The end of my Omega-3 Part II post presented evidence that high concentrations of DHA in mitochondrial inner membrane (MIM) could accelerate aging by causing more oxidative damage. However, I left with the question of whether dietary consumption of DHA could affect those concentrations. In this post, I am going to present some research discussing effects of the dietary DHA consumption/supplementation, and I am trying to determine how DHA supplementation affects MIM concentrations of long-chain PUFAs and whether benefits of mild/moderate DHA supplementation would out weight potential aging effects.
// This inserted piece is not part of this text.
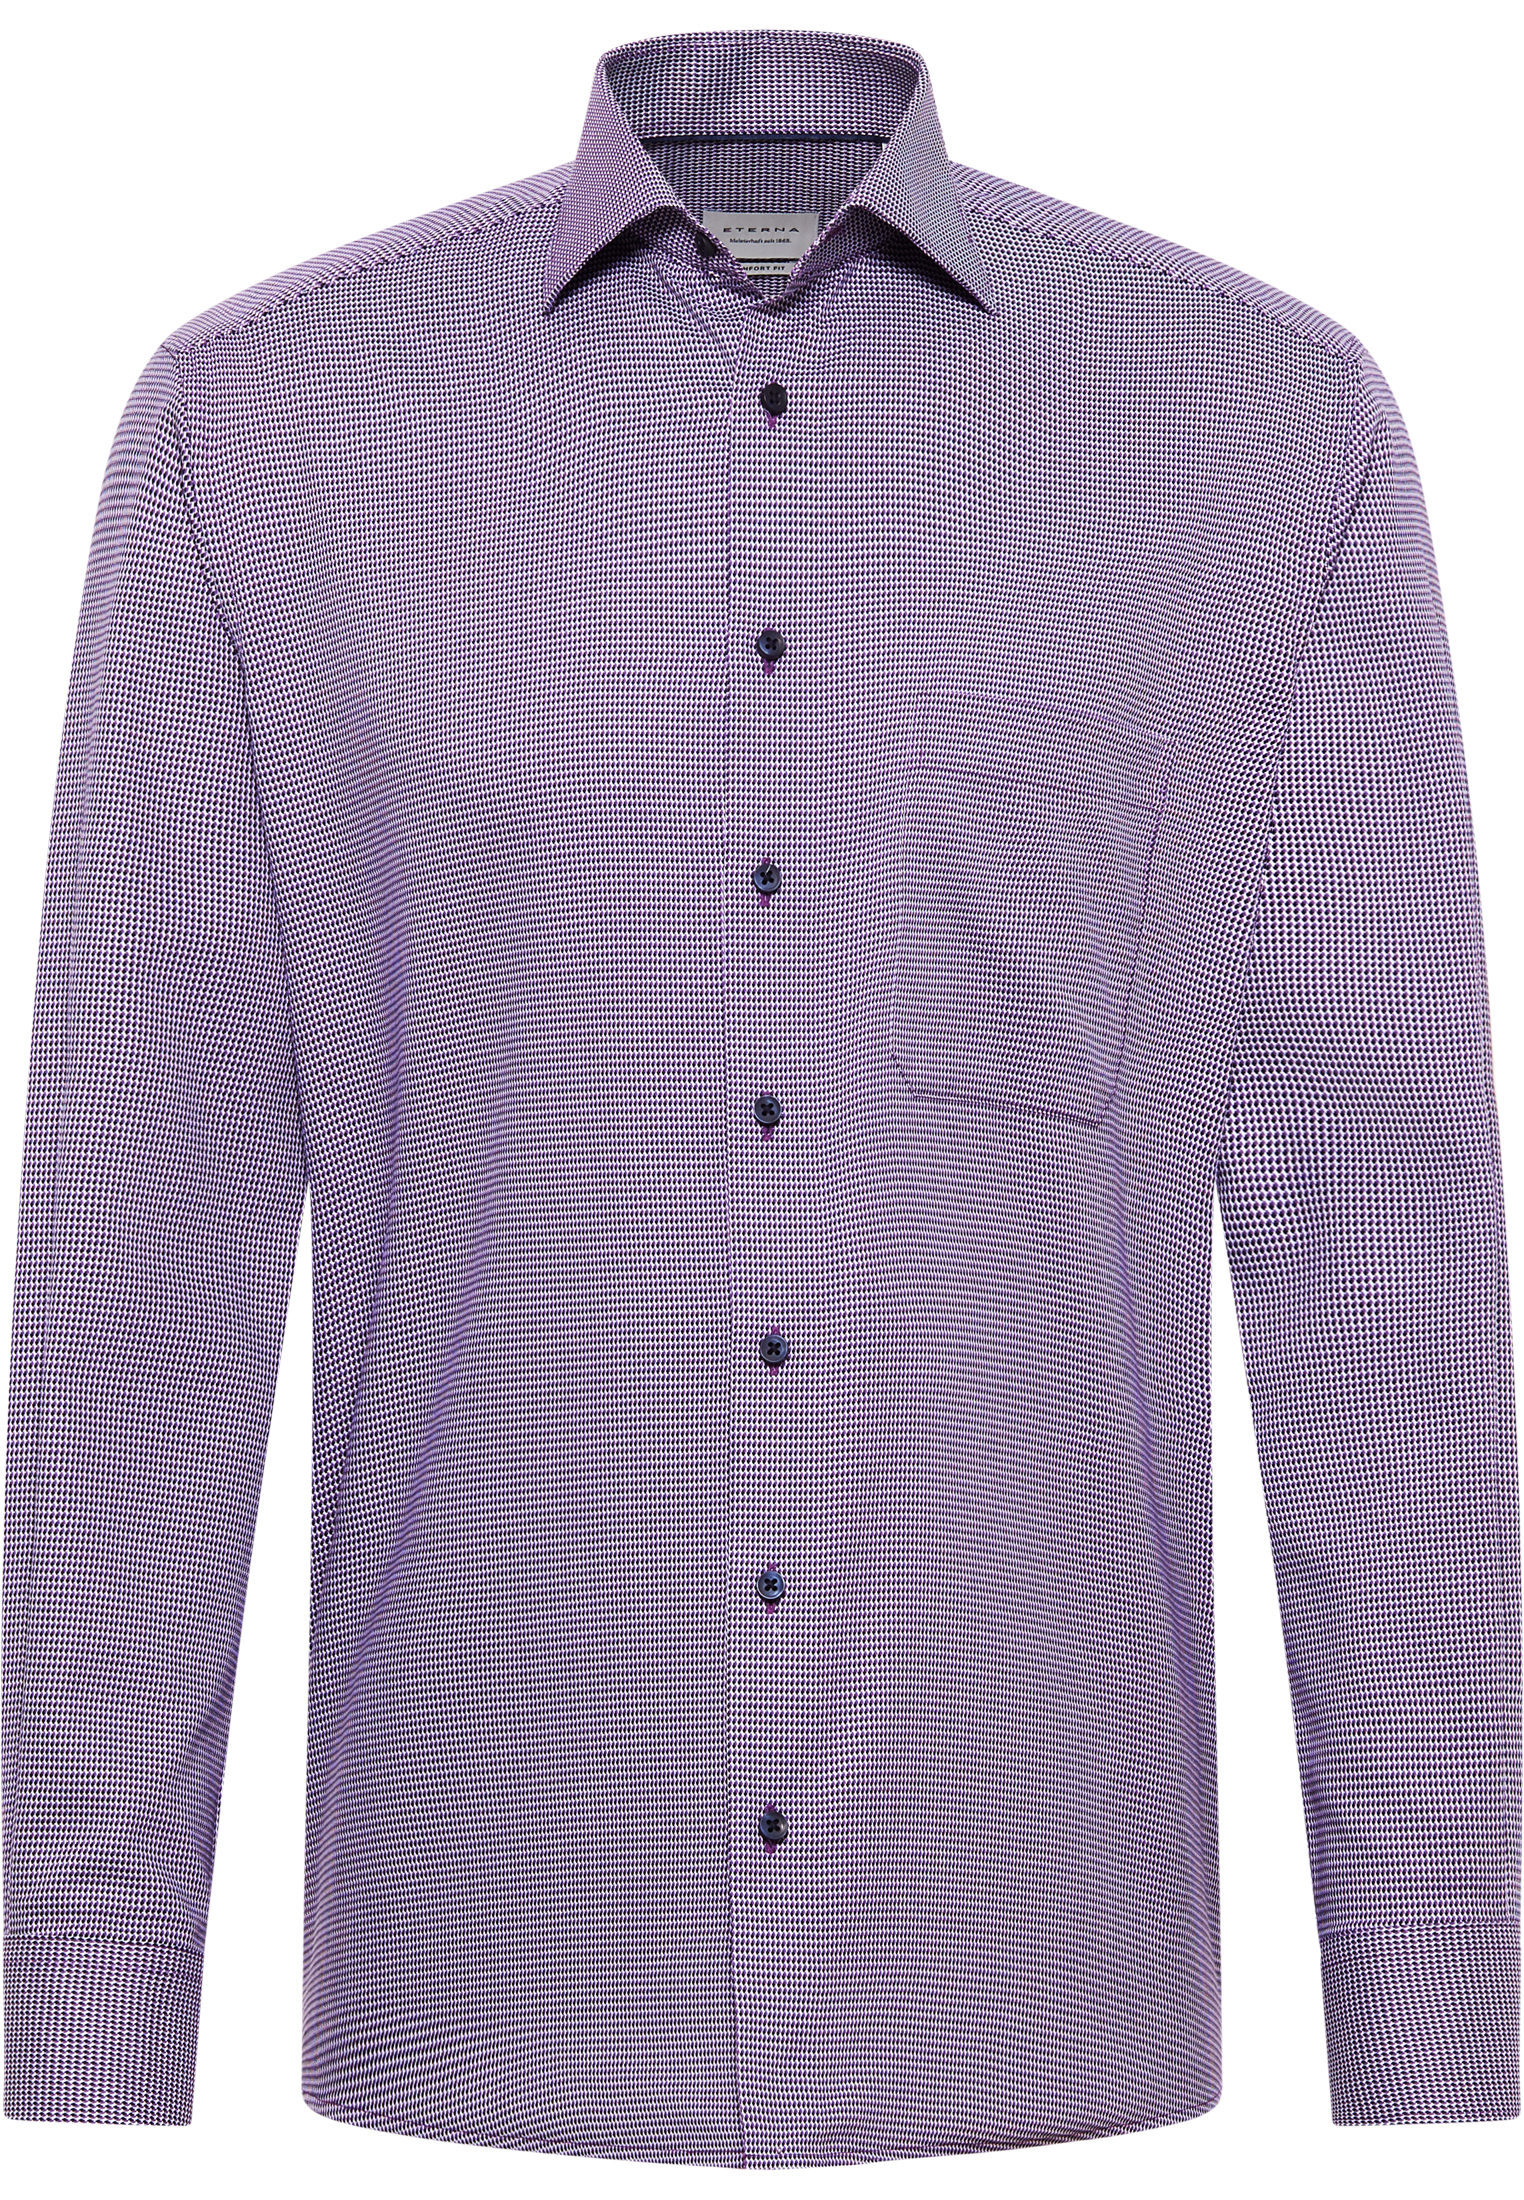 COMFORT FIT Hemd in violett strukturiert

NOTE: One point I want to mention before diving in is EPA & DHA have anti-inflammatory (and other beneficial) effects within the body. So, for some people, supplementation can definitely be beneficial. For people with health problems leading to inflammation or inflammatory diets, the supplementation benefits would likely out weigh the effects of MIM oxidation. There is also evidence that DHA supplementation can help people with autoimmune diseases, and possible bi-polar disorder. Also, pregnant women would benefit from DHA supplementation. So, I am not trying to make a broad argument either for or against EPA/DHA supplementation, but rather trying to determine whether is it right for me *and* what type of supplementation I want to recommend to family and friends. I am following a very specific dietary regimen, so what may be in my best interest may not provide the same benefit to others following a more conventional dietary approach.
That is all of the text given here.